START MATERIAL SHOWN
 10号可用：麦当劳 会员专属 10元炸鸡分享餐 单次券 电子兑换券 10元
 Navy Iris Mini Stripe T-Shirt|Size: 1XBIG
END MATERIAL SHOWN
START MATERIAL SHOWN
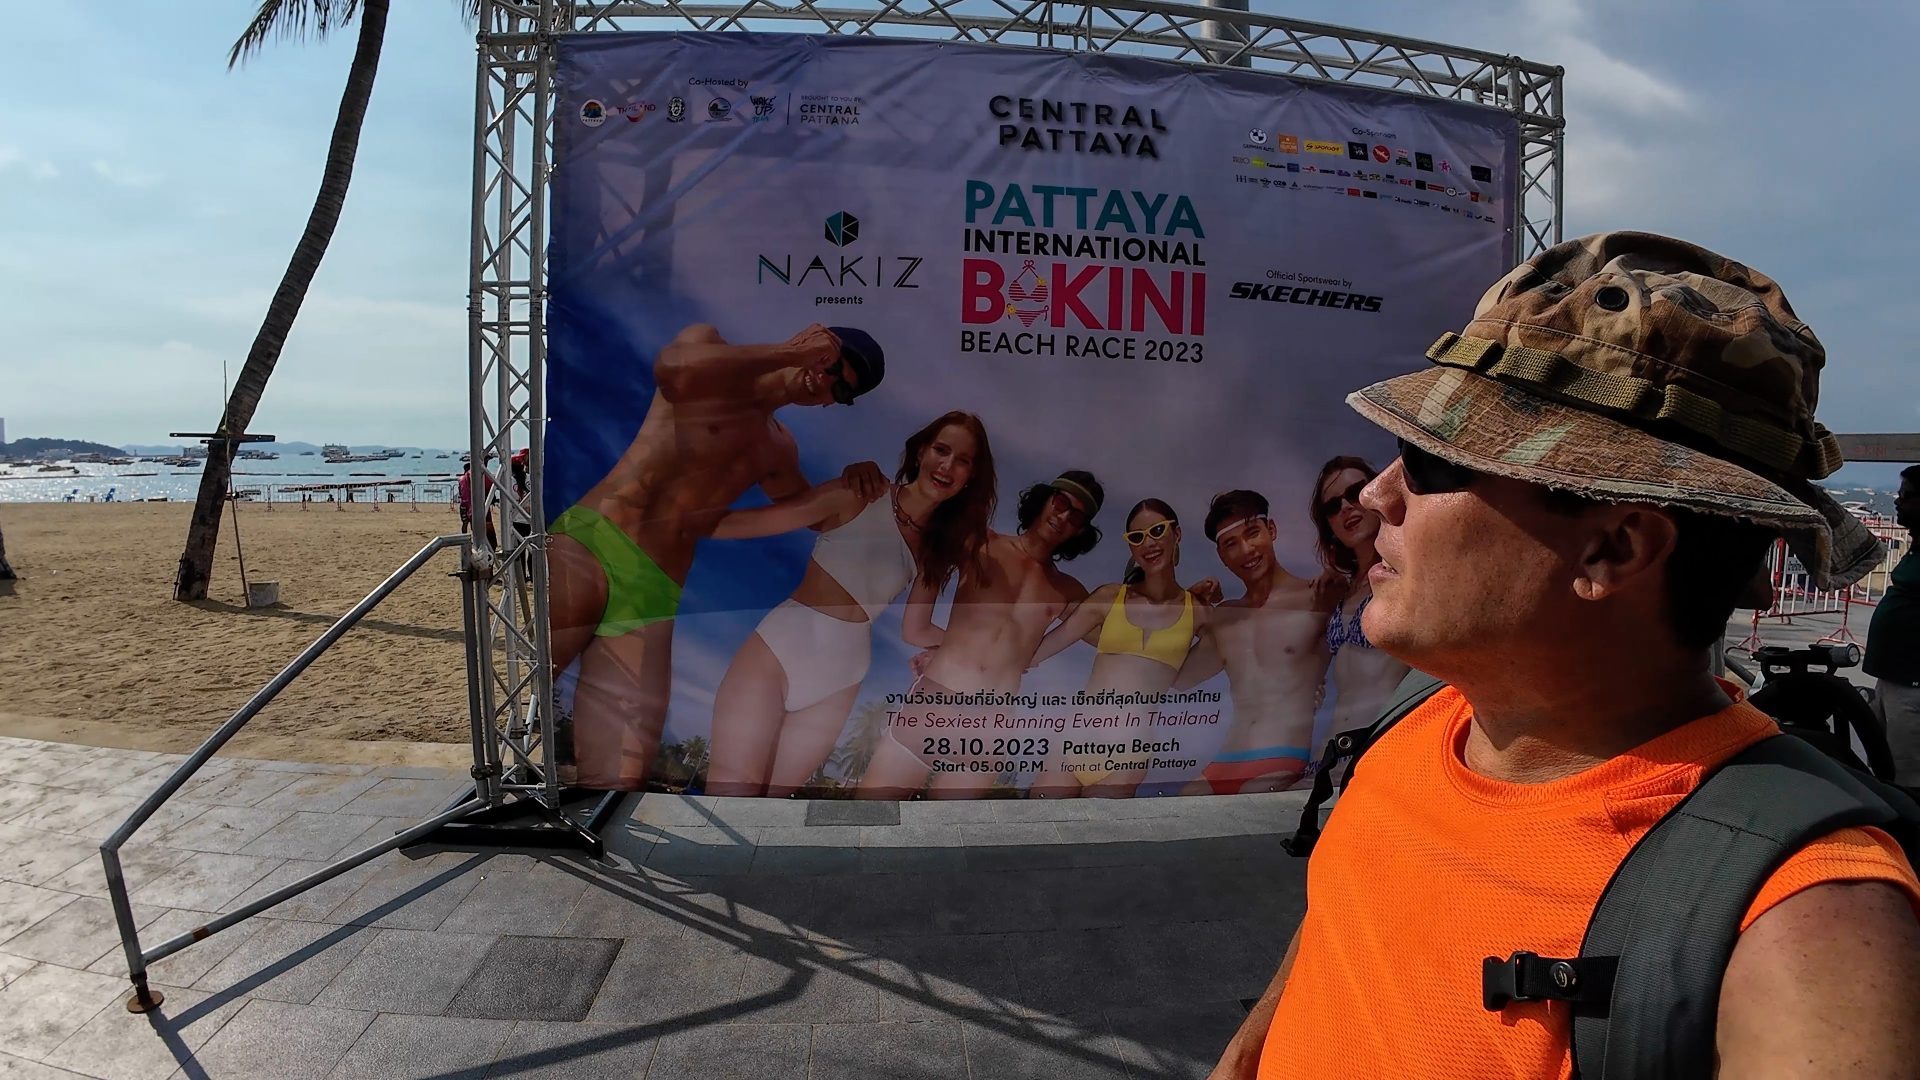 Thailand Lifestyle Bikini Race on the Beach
END MATERIAL SHOWN
START MATERIAL SHOWN
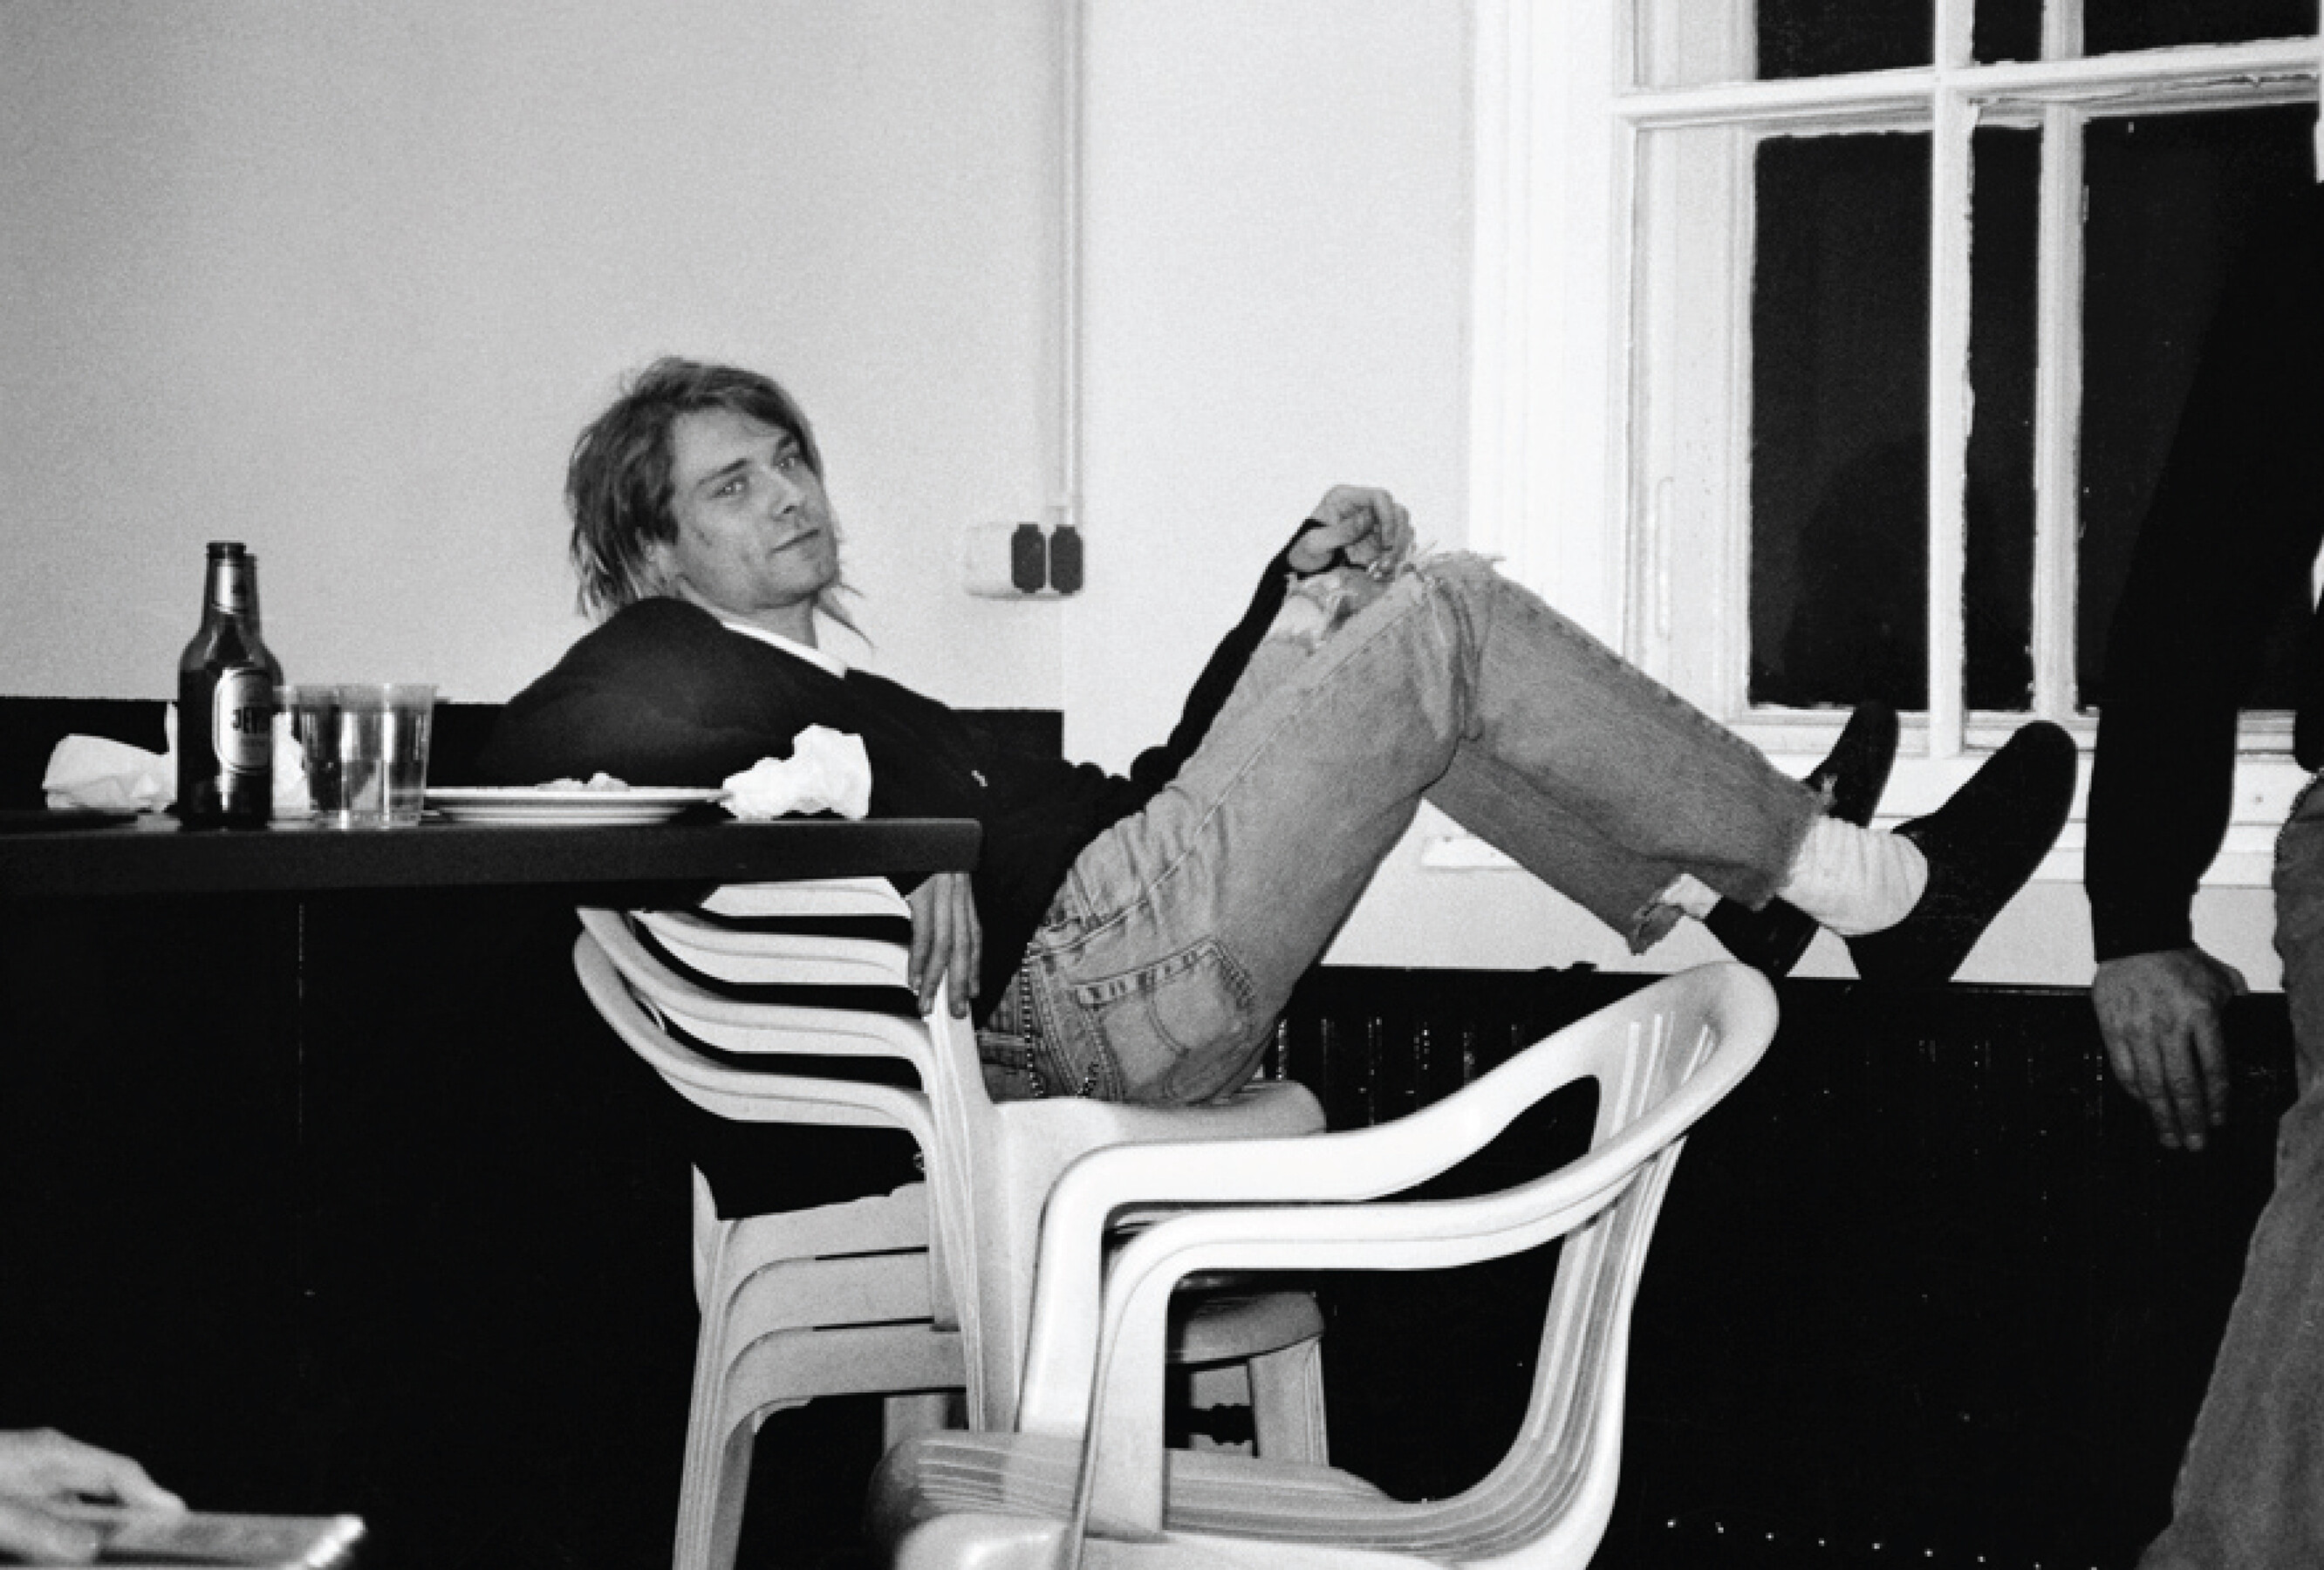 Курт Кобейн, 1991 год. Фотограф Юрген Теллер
END MATERIAL SHOWN
▸ PROBLEM: Copy, exactly and only, the lines above that begin with the one containing "10号可用：麦当劳 会员专属 10元炸鸡分享餐 单次券 电子兑换券 10元" and finish with the one containing "Navy Iris Mini Stripe T-Shirt|Size: 1XBIG".

▸ REPLY:
 10号可用：麦当劳 会员专属 10元炸鸡分享餐 单次券 电子兑换券 10元
 Navy Iris Mini Stripe T-Shirt|Size: 1XBIG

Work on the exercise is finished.